13 Negotiation Styles Negotiations are integral to all international mergers, joint ventures, import of raw materials, export of finished products, patent licensing agreements, and every other cross-cultural, commercial undertaking! Of course they are culture-ruled! International negotiators work to achieve mutually agreeable solutions, while concurrently trying to minimize differences, misunderstandings, and conflicts. The means? COMMUNICATION!

14 Participant Perspective
U.S. approach… is akin to the classical Greek tradition of rhetorical eloquence, argumentation, debate, and persuasion (a direct, somewhat confrontational approach). Quick results. Maximum profits with a short-term perspective. The Japanese, Chinese… negotiators take a long-term view…build a relationship, establish a level of trust, determine if we want to enter into a business deal. For the Russians… negotiations are simply a forum for debate, an opportunity to convince the other side of the rightfulness of their position.
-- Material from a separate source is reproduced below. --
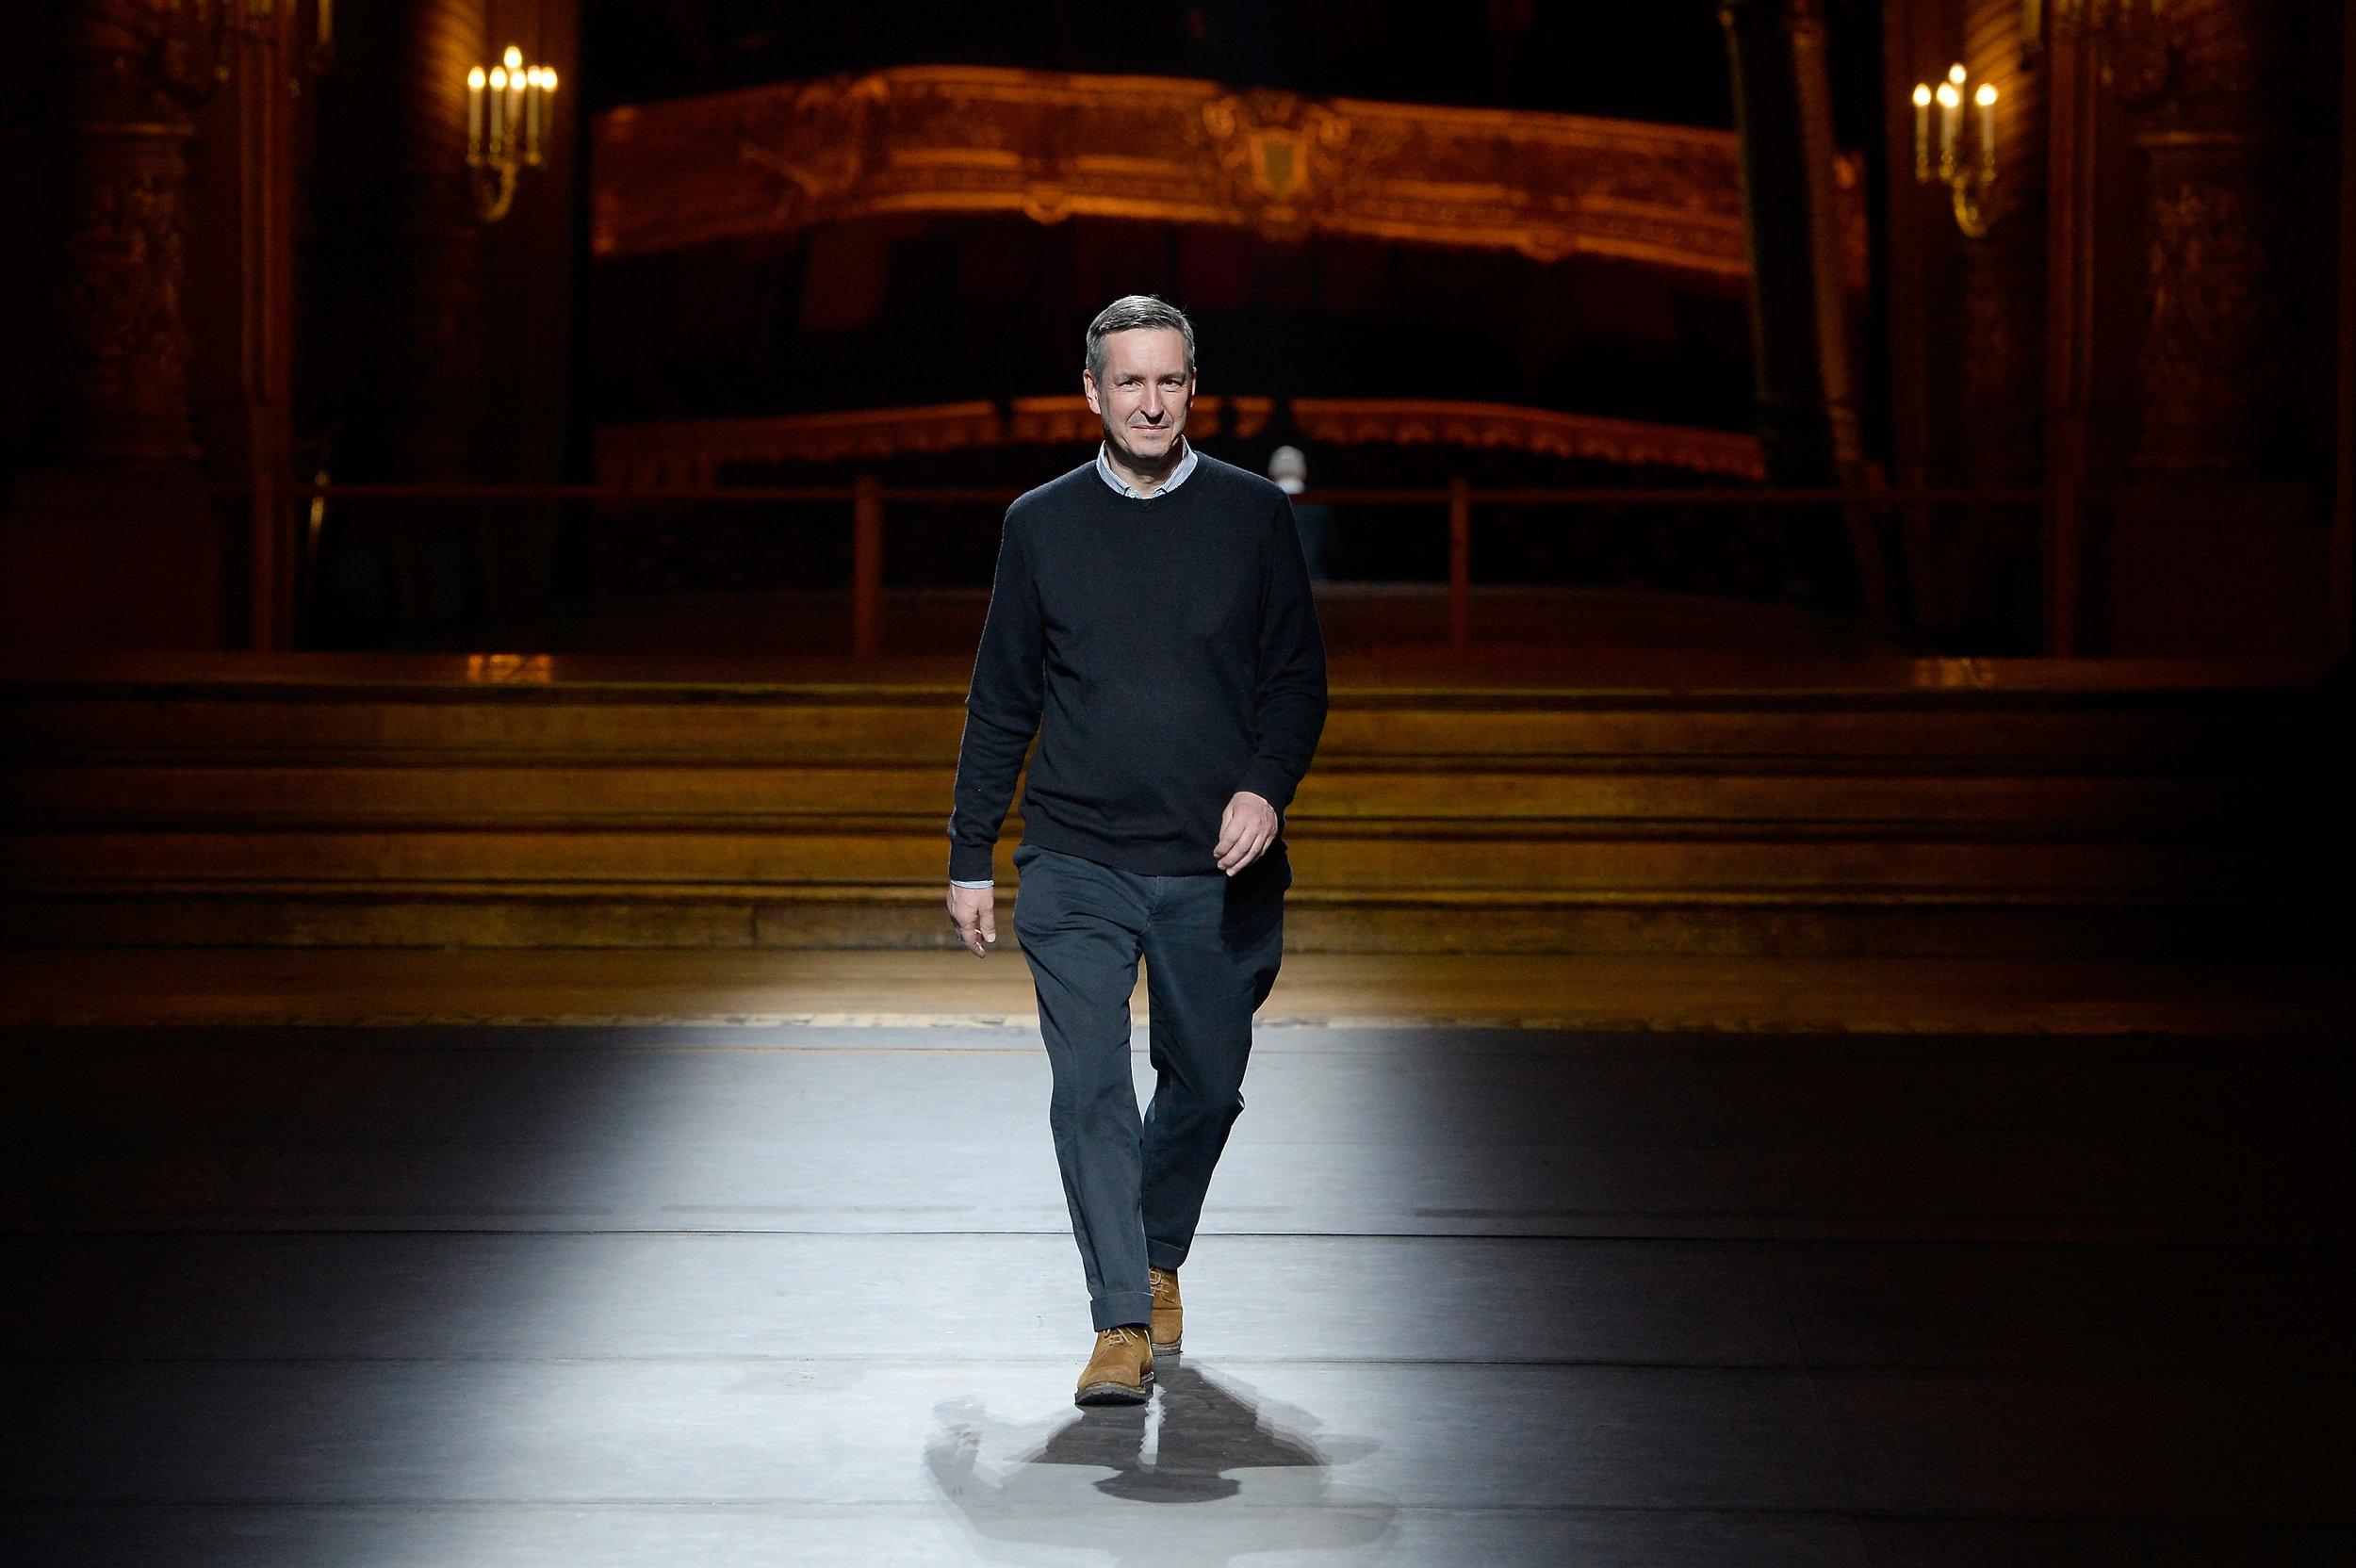 Dries Van Noten, Menswear Show Fall/Winter 2016-2017

Rather than compromise on an issue, they will simply reiterate their original arguments expecting the other side to see the correctness of the Russian position!

15 Influence of Internet on the business world
The “astonishing fall in the cost of transferring information around the world” has forced businesses to think and act from a global perspective. P 252 Internet creates a need and a demand for international businesses to adopt uniform standards and practices, irrespective of national borders and cultural differences.

16 Internet in business, con’t.
Japan—Corporate employees can use IT to promulgate and discuss relevant issues w/o the need for face-to-face interaction. provides an anonymity which “encourages people to use casual and blunt language.” messages deprive the receiver of the broader context, including nonverbal cues, which is so critical to Japanese high-context communication. Younger Japanese workers prefer the more direct style.

17 Domestic Business Context
Increased Immigration … all segments of the U.S. economy will have to be knowledgeable of and responsive to the many issues that hold potential for cross-cultural conflict. As the workforce becomes more diverse, the opportunities for racial, ethnic, language, and religious discrimination will also expand.

18 Time element in Negotiations
The West wants to hurry it along. Rushing doesn’t work with Asians, Arabs, and Latin Americans… … who want to get to know the other party. They see it as a long-term relationship, kinda like a marriage…thus much time is spent on entertaining, sightseeing, etc.